Pashinian has been pressuring Catholicos Garegin II and other high-ranking clerics to resign, saying that they have had secret sex affairs in breach of their vows of celibacy. He pledged on June 9 to set up a body tasked with deposing the supreme head of the Armenian Apostolic Church accused by him of having fathered a child.
Opposition and public figures have called the move unconstitutional, arguing that the church is legally separated from the state. They say that the real purpose of campaign, which has involved profanities posted on Pashinian’s Facebook page, is to please Azerbaijan and Turkey and neutralize a key source of opposition to far-reaching concessions to Armenia’s arch-foes.
An RFE/RL correspondent asked Pashinian about the sources of his allegations when she attended at the weekend his and his wife’s latest meeting with supporters held as part of their government-funded campaign purportedly aimed at helping Armenians become more educated.
Pashinian replied that sensitive details of clerics’ private lives have been contained in intelligence briefings presented to him by the NSS, the former Armenian branch of the Soviet KGB, on a daily basis.
“Every day the National Security Service submits to me reports about the operational situation in the country and in that operational situation, naturally, there are security-related issues and related problems,” he said. “Naturally, I cannot help but know all of that.
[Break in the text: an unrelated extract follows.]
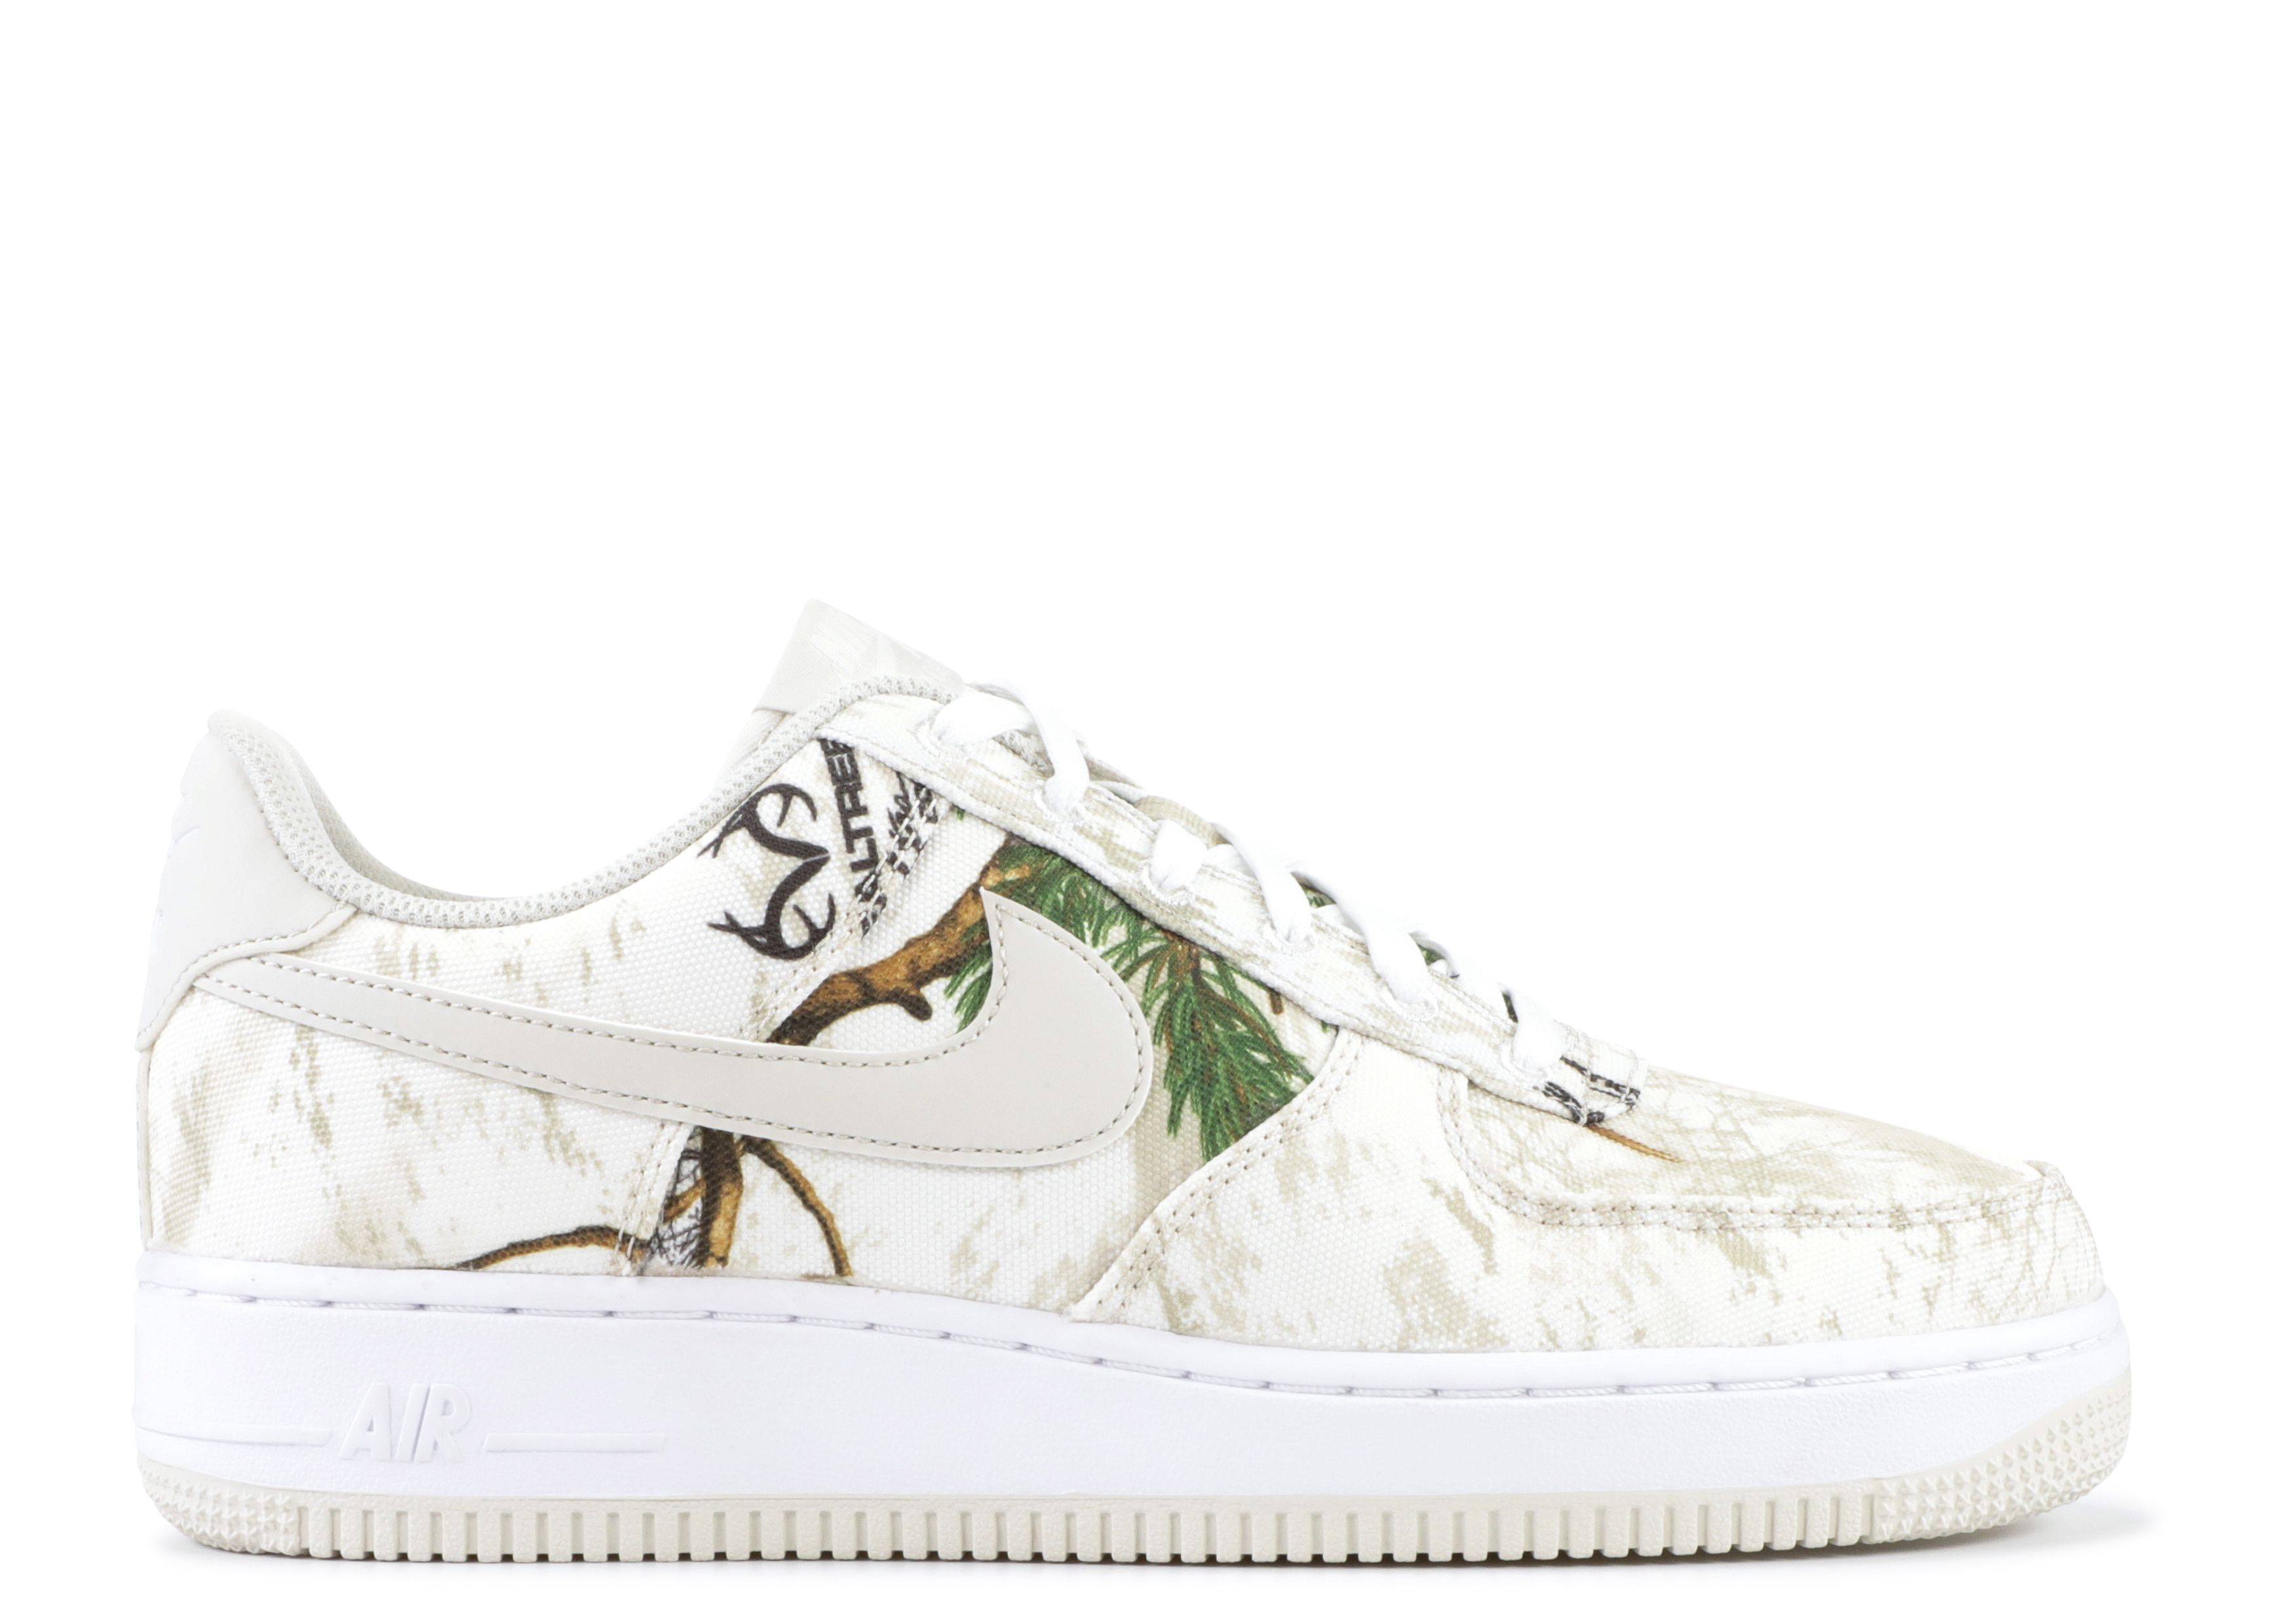 nike air force 1 low realtree camo

And my knowing is also absolutely legal.”
Pashinian did not say just how the alleged affairs of Garegin or any other priest are connected to national security. Civil rights activists insisted on Monday that there is no such connection and that the premier admitted to serious breaches of privacy protected by Armenian law.
“No one's personal sex life can be part of that operational information,” Nina Karapetiants, head of the Yerevan-based Helsinki Association, told RFE/RL’s Armenian Service.
The NSS or police are allowed to spy on only individuals suspected of crimes, she said, adding that Pashinian has no right to access personal data collected by them.
“That data is confidential, and he has no right to access it. It is prohibited by law,” agreed Arman Tatoyan, the country’s former human rights ombudsman close to the Armenian opposition.
Pashinian broke the law by not only accessing such data but has also publicizing it for “political purposes,” Tatoyan said in a social media post.
Pashinian reportedly acknowledged the NSS surveillance when he met with Yerevan State University (YSU) students and professors on June 2 to promote his controversial policy towards Azerbaijan.
“He said he instructed special services to find out whether Garegin II complies with his vows of celibacy and that the same checks must also be done on the heads of the dioceses and so on,” one of the students told an Armenian TV channel afterwards.
Late last year, Pashinian also controversially accessed personal communication of Hovik Aghazarian, an Armenian parliamentarian who defied his order to resign from the National Assembly. The data, which included intimidate details of Aghazarian’s private life, was stored in Aghazarian’s mobile phone confiscated by another law-enforcement agency. Pashinian shared it with senior members of his Civil Contract party before they decided to expel Aghazarian from its ranks.
Aghazarian protested against the embarrassing leak which he considers illegal. Pashinian denied breaking the law, saying that law-enforcement authorities passed Aghazarian’s personal data on to him after finding there “information containing threats to state security.”